© LCILa cour d'appel de Paris a allégé mercredi l'amende infligée à un militant du Réseau éducation sans frontières, accusé d'outrage à Nicolas Sarkozy. En première instance, le 14 février, Romain Dunand avait été condamné par le tribunal correctionnel de Paris à payer une amende de 800 euros pour outrage à une personne dépositaire de l'autorité publique et à verser un euro à Nicolas Sarkozy, partie civile au procès. Ce mercredi, la 11e chambre de la cour a confirmé en grande partie ce jugement mais, relevant "l'absence d'antécédents judiciaires du prévenu et le caractère non public du délit", elle a prononcé une peine de 800 euros d'amende, dont 600 assortis du sursis. Le ministère public avait lui requis une amende de 1000 euros.

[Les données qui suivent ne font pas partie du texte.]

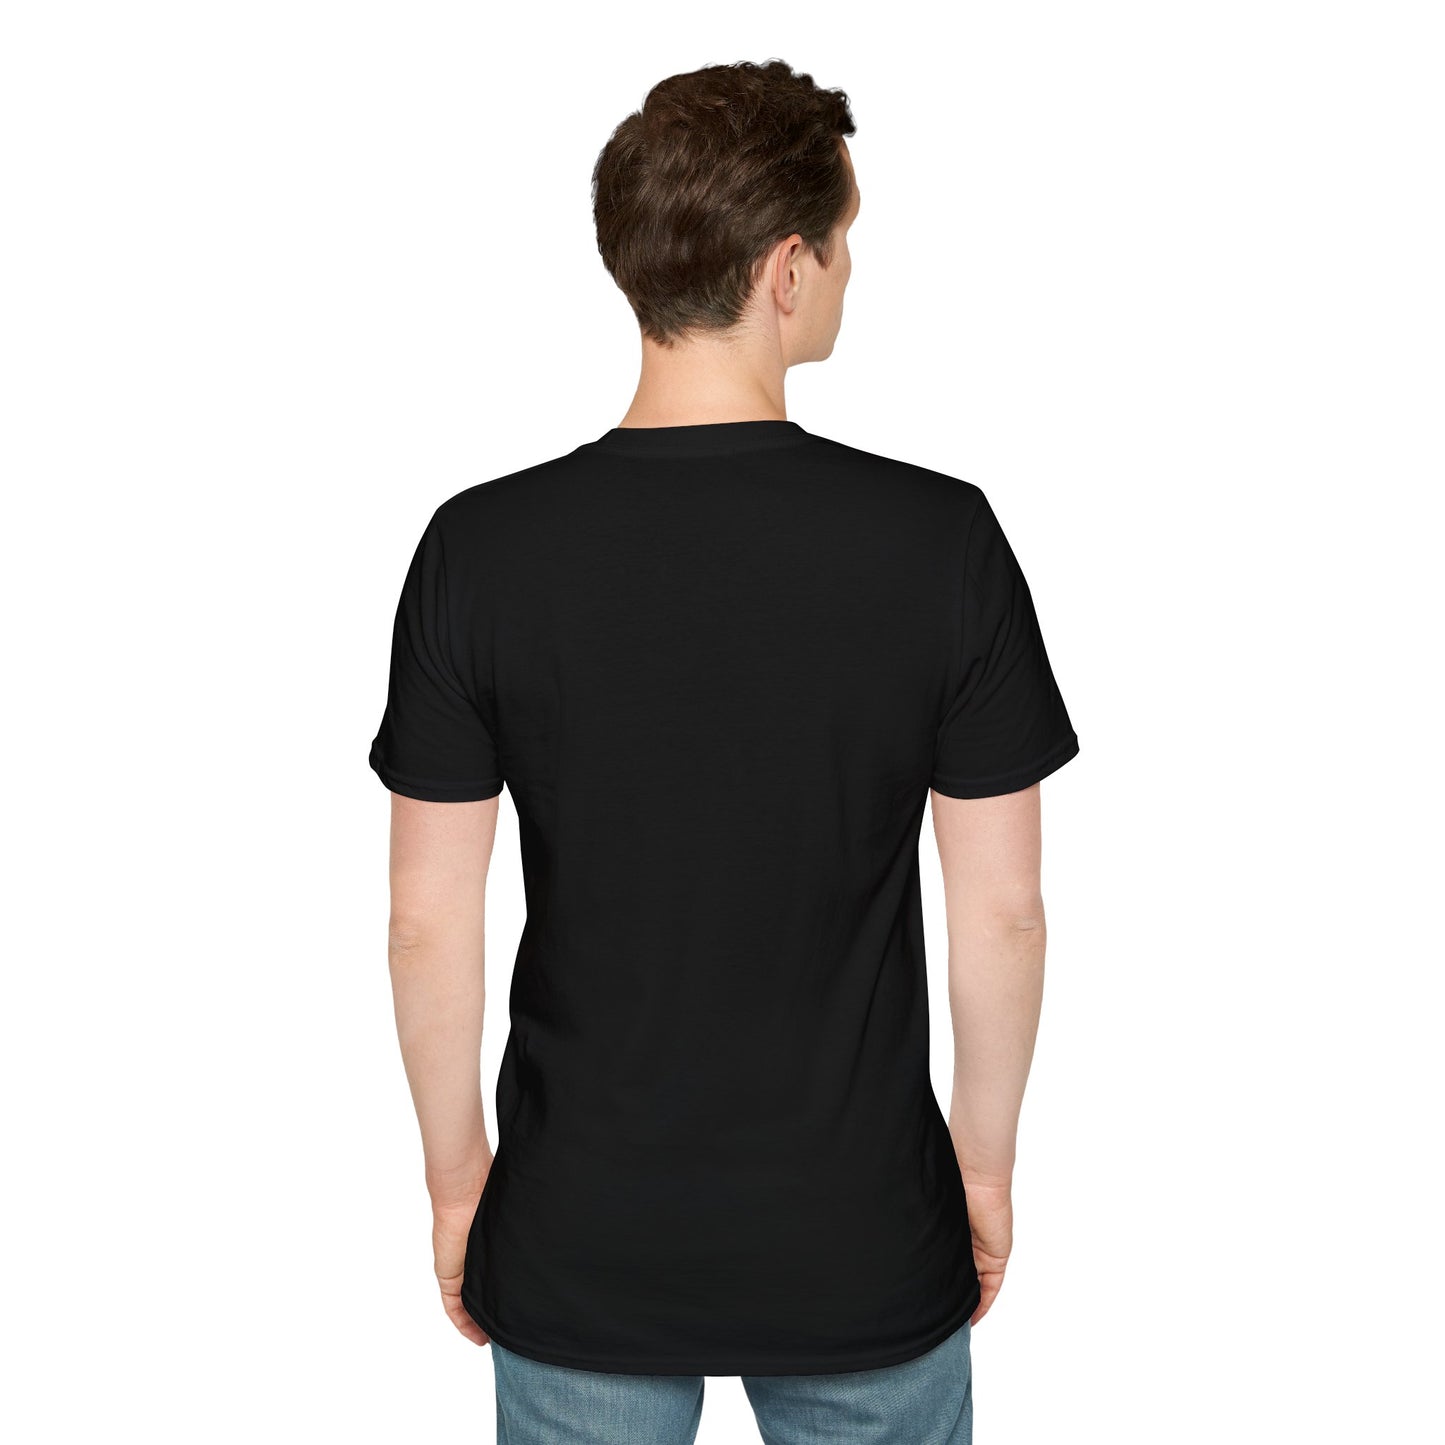 TG-26 Unisex Softstyle T-Shirt
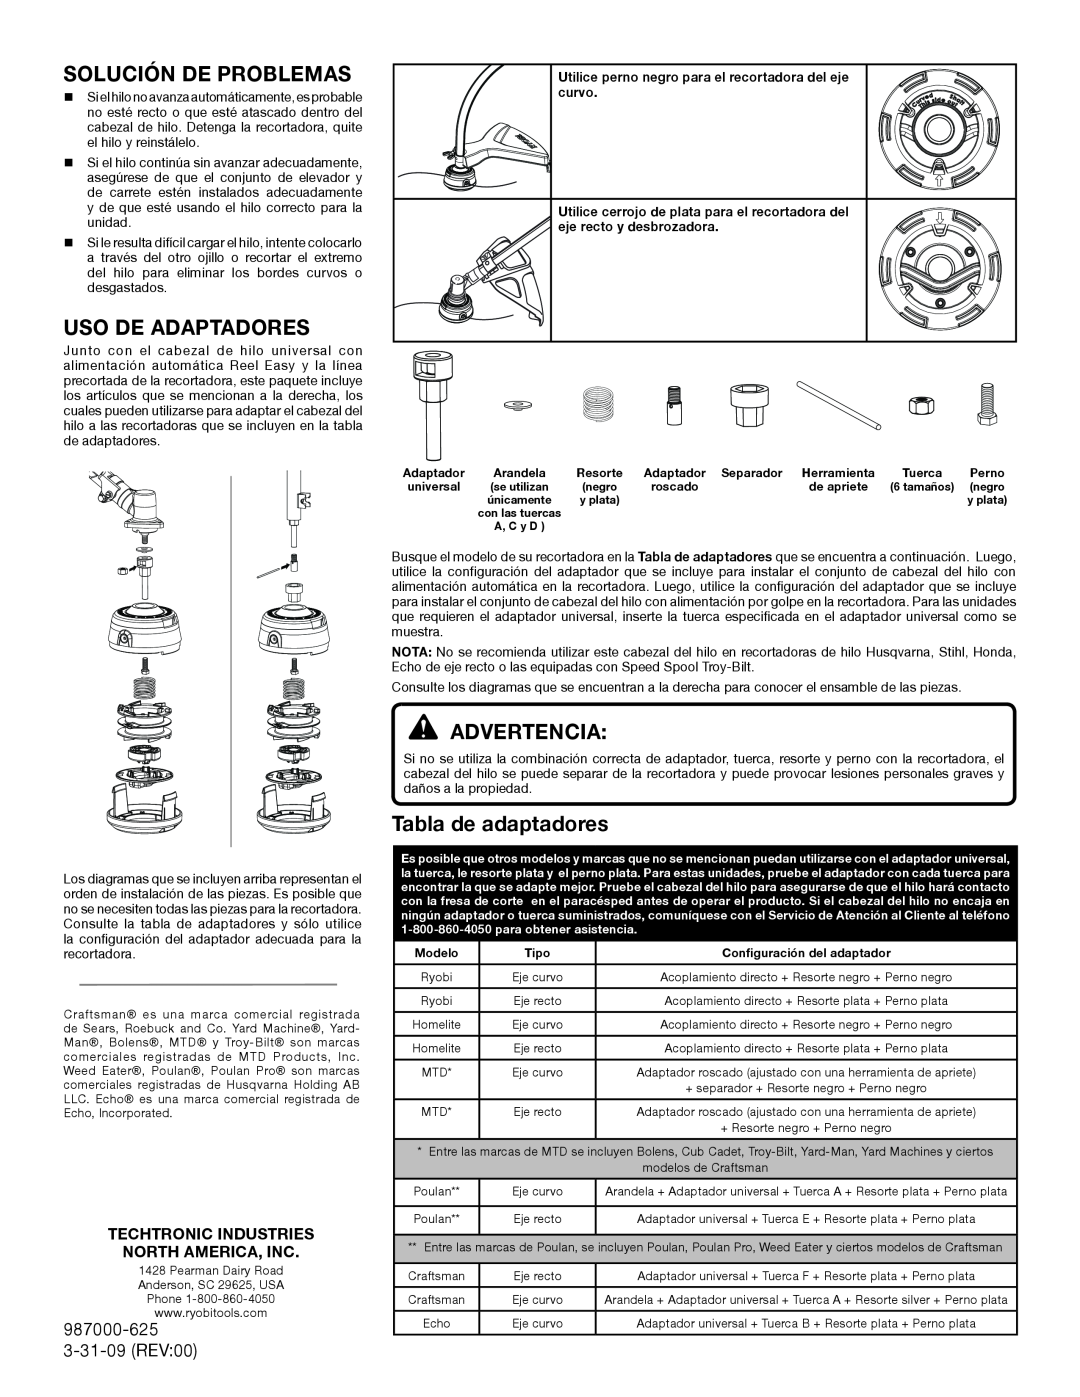 Ryobi AC04151T Solución De Problemas, Uso De Adaptadores, Advertencia, Tabla de adaptadores, 987000-625 3-31-09 REV00

Romain Dunand, un habitant du Jura âgé de 36 ans, également militant de la Confédération nationale du travail (CNT, anarchiste), avait adressé le 19 décembre 2006 un courriel au ministère de l'Intérieur dans lequel il demandait la libération d'un militant marseillais de RESF, Florimond Guimard, placé en garde à vue pour s'être opposé à l'expulsion d'un parent d'élève sans papiers. Dans ce mail adressé, entres autres, au ministre Nicolas Sarkozy, il écrivait: "Voilà donc Vichy qui revient. Pétain a donc oublié ses chiens". Il critiquait aussi une "politique qu'il faut bien qualifier de raciste", avant d'adresser ses "salutations antifascistes" au ministre.
Une comparaison "déshonorante envers le ministère de l'Intérieur"
A l'audience du 22 octobre, plusieurs témoins étaient venus à la barre pour attester de la similitude entre la politique d'expulsions massives de sans-papiers alors menée par le gouvernement et celle de Vichy. Le prévenu avait lui affirmé que son mail avait visé le ministère de l'Intérieur, mais en aucun cas la personne de Nicolas Sarkozy, argumentation qu'a rejetée la cour mercredi.
Dans son arrêt, elle a reconnu que Romain Dunand était "naturellement en droit d'exprimer des opinions politiques et de critiquer même vigoureusement le gouvernement". Toutefois, l'assimilation de sa politique avec Vichy est "déshonorante envers le ministère de l'Intérieur", et à ce titre, il a "excédé les limites de la liberté d'expression politique".